Le journalisme de terrain confronte parfois ses auteurs à des situations qui dépassent le simple récit de l’actualité. Avec Captif, le journaliste David Benaym livre le récit d’une détention de plusieurs semaines au Nigeria en 2021, alors qu’il enquêtait sur les communautés juives Igbo du sud-est du pays. Une expérience qui l’a conduit à interroger à la fois sa condition de reporter, son identité personnelle et les fragilités des libertés individuelles dans certaines régions du monde.

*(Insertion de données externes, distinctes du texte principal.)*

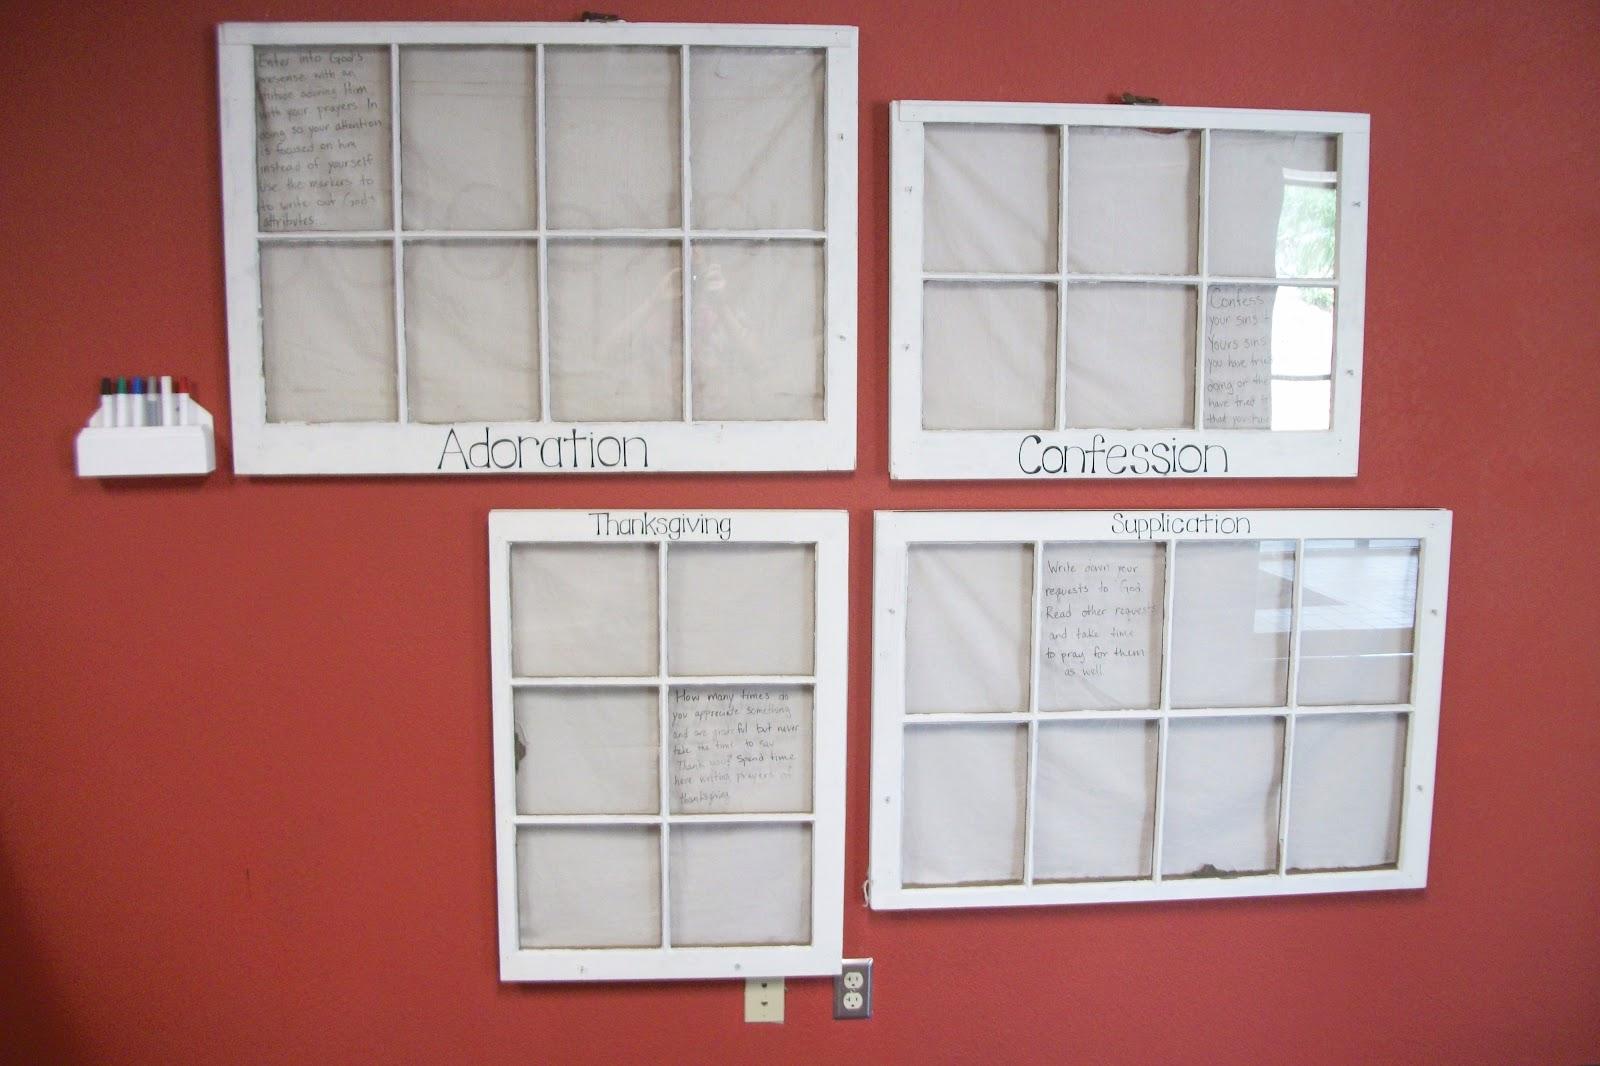 Creatively seeking august 2012 for 10 40 window prayer points

Dans un entretien accordé à Aimé Kaniki pour Entrevue, David Benaym explique avoir pris conscience, durant cette captivité, que son homosexualité pouvait constituer un danger vital dans un pays où les minorités sexuelles demeurent fortement exposées aux discriminations et aux persécutions. Cette prise de conscience intervient dans un contexte où plusieurs États continuent de criminaliser l’homosexualité, rappelant que certaines libertés considérées comme acquises en Europe restent loin d’être universelles.
Quand le journaliste devient le sujet de son propre récit
Mais Captif dépasse largement le témoignage personnel. Le livre s’inscrit dans une réflexion plus large sur la vulnérabilité des journalistes confrontés à des régimes autoritaires ou à des zones où l’État de droit demeure fragile. À travers son expérience, Benaym décrit la manière dont un reporter peut soudainement devenir le sujet de sa propre enquête. Celui qui était parti raconter l’histoire d’une minorité religieuse se retrouve lui-même plongé dans une situation où les questions d’identité, de liberté et de survie deviennent centrales.
L’ouvrage interroge également la place de l’intime dans le récit journalistique contemporain. Longtemps, une certaine tradition du reportage valorisait l’effacement du journaliste derrière les faits. Pourtant, les grandes crises du XXIe siècle ont progressivement remis en lumière la subjectivité du témoin. En assumant d’évoquer sa séropositivité, son homosexualité ou encore les épreuves personnelles qui ont jalonné son parcours, David Benaym s’inscrit dans cette évolution où le vécu individuel devient aussi un outil de compréhension du monde.
Une réflexion sur les limites de l’universel
Loin des rédactions occidentales et des débats sur l’avenir des médias, le parcours de David Benaym rappelle une évidence parfois oubliée : dans de nombreux pays, enquêter reste une activité qui expose directement celui qui la pratique. Le journaliste n’est plus seulement observateur. Il peut devenir, malgré lui, un acteur des événements qu’il était venu raconter. L’expérience nigériane décrite dans Captif montre à quel point les protections que l’on considère souvent comme acquises (liberté d’expression, liberté de circulation ou liberté de vivre son orientation sexuelle) demeurent profondément dépendantes du contexte politique et culturel dans lequel elles s’exercent.
Au-delà du destin singulier d’un journaliste, Captif pose finalement une question plus universelle : que reste-t-il des convictions, des identités et des certitudes lorsque les protections habituelles disparaissent ? À travers ce récit de captivité, David Benaym invite le lecteur à réfléchir à la valeur concrète de la liberté, non comme un principe abstrait, mais comme une réalité dont l’absence révèle toute l’importance.